A testing exercise: ParkCalc

Early the other day, I noticed some of the tweets of testers I followed had a #parkcalc hashtag. At first, I couldn’t exactly get what they were saying, but I guessed that they must have been testing something collaboratively. At the time, I couldn’t stay online long enough to find out more about parkcalc. Luckily, when I got home that evening, I found a blog post on the topic. The author of the post suggested to click the link to the parking calculator before reading any further, and so I did.

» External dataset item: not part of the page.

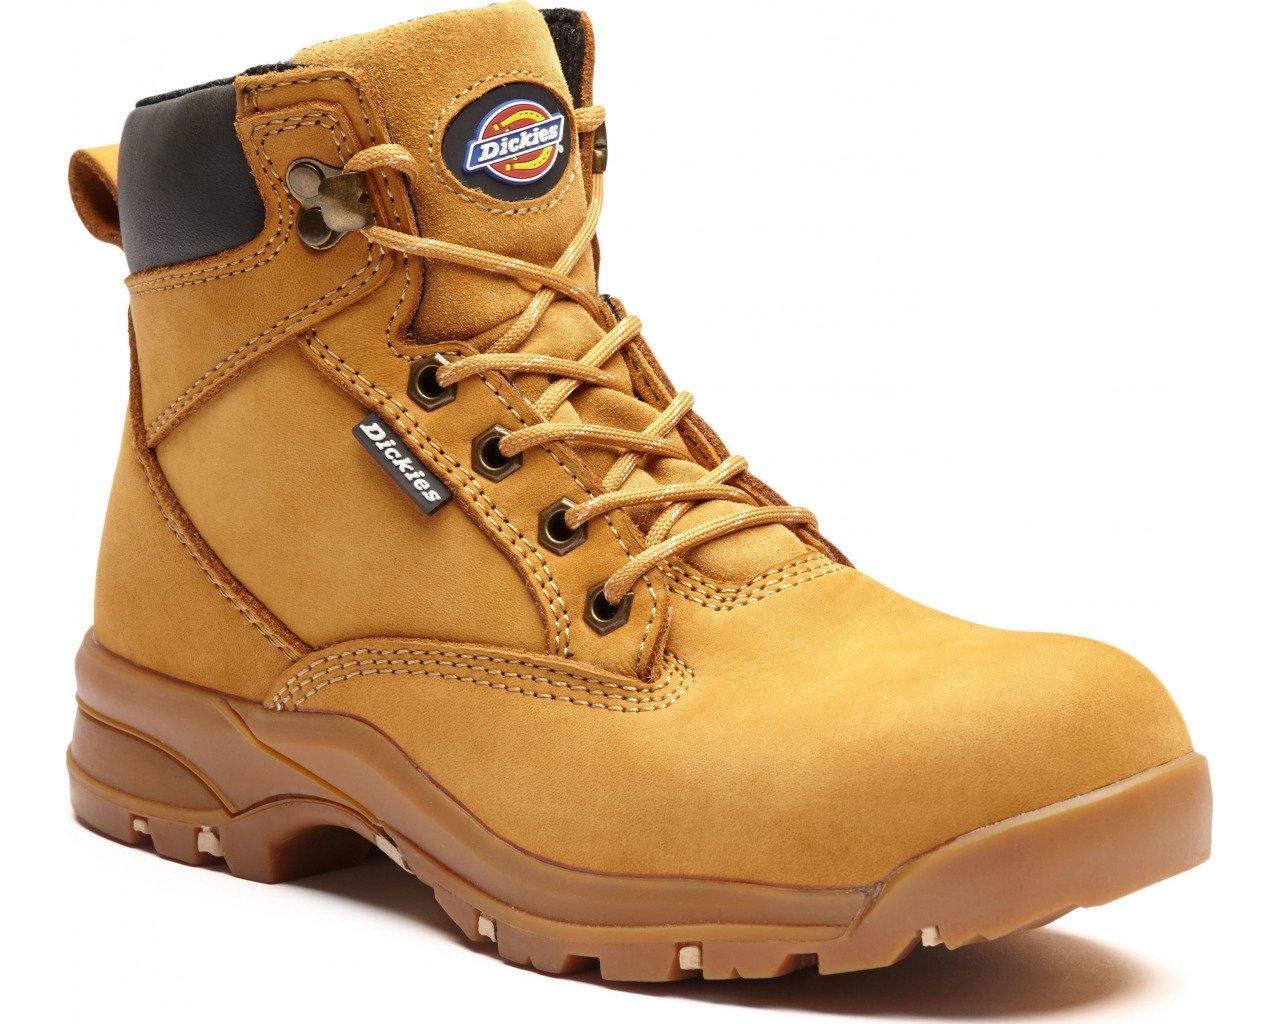 Dickies FC9523-HN-5.5 - Botas de seguridad para mujer (talla 5,5), color miel: Amazon.es: Industria, empresas y ciencia

The first thing I tried to do was to click the Calculate button without changing any of the default values. A page with error messages (e.g., Warning: mktime() expects parameter 4 to be long, string given in /home/grrorg5/public_html/Includes/Calculator.inc on line 72) got displayed before the page refreshed to show a more user-friendly error message.

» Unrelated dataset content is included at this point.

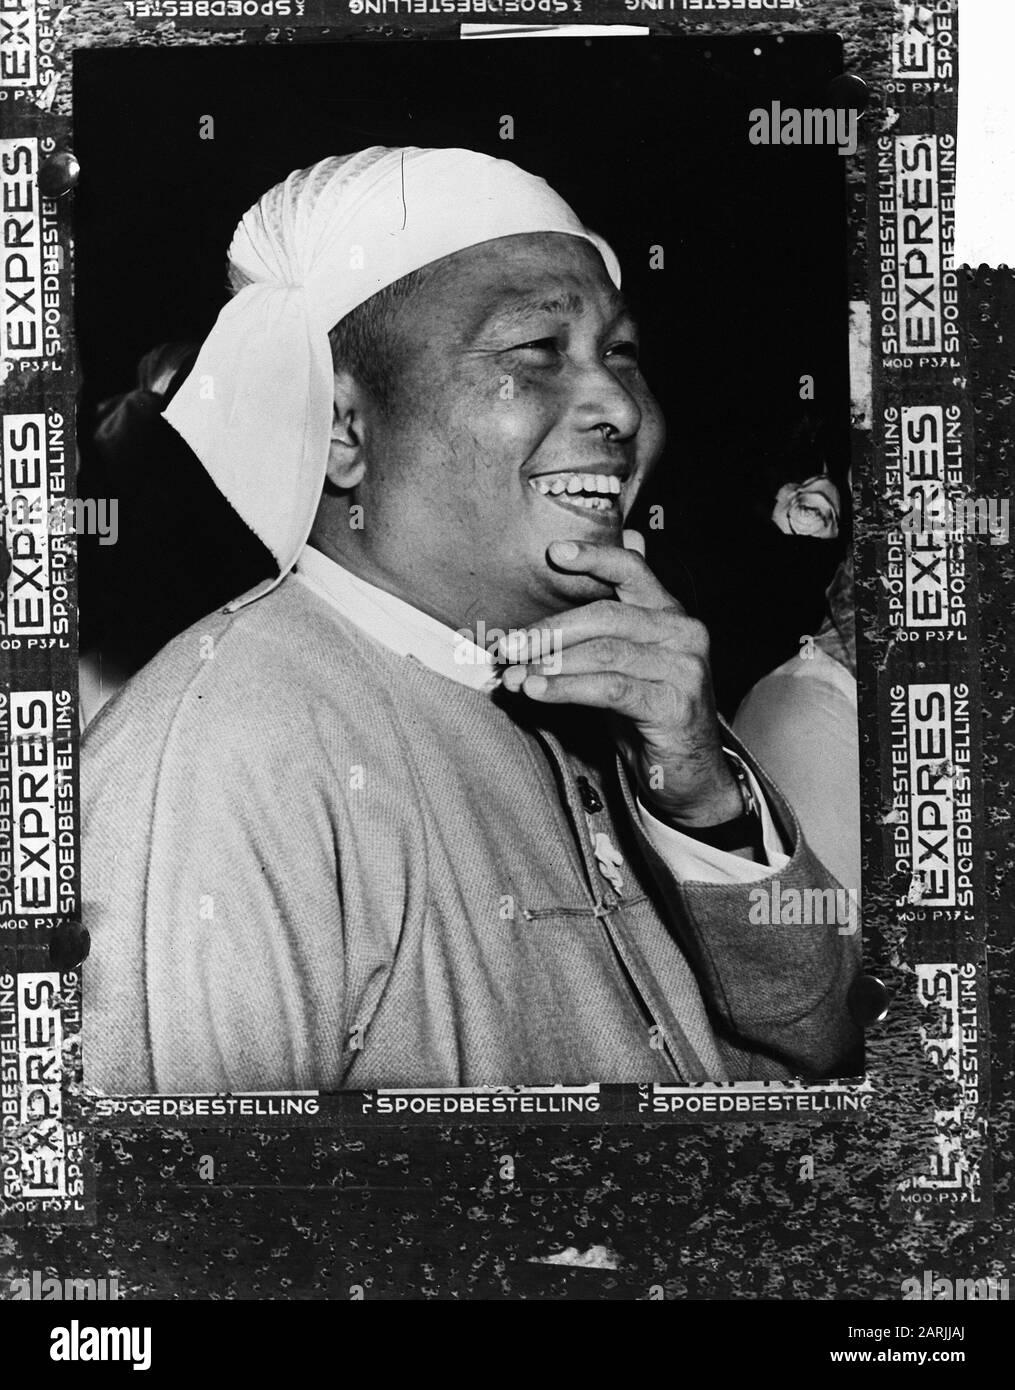 Coup d'État en Birmanie, premier ministre U Date : 2 mars 1962 lieu : Birmanie mots clés : premiers ministres Banque D'Images

The next thing I noticed was the layout seemed a bit off. I thought maybe it was just a Chrome thing. I tried loading the page and the pop-up calendar in Firefox, and I was able to confirm my hunch.

Next thing I did was to play around with the inputs for the entry date and time, and exit date and time. I tried the usual stuff — entering no values, entering invalid values, non-existent values (e.g., 13 for month, non-existent dates like Feb 29 on a non-leap year), cases wherein exit date/time came before entry date/time, etc. Most interesting finds I think were triggering the “Not Acceptable” page and managing to get an estimated cost of $3,946,162,582,627,248.00 for 1.64423440943E+14 Days, 15 Hours, 21.6 Minutes of “Short-Term Parking”.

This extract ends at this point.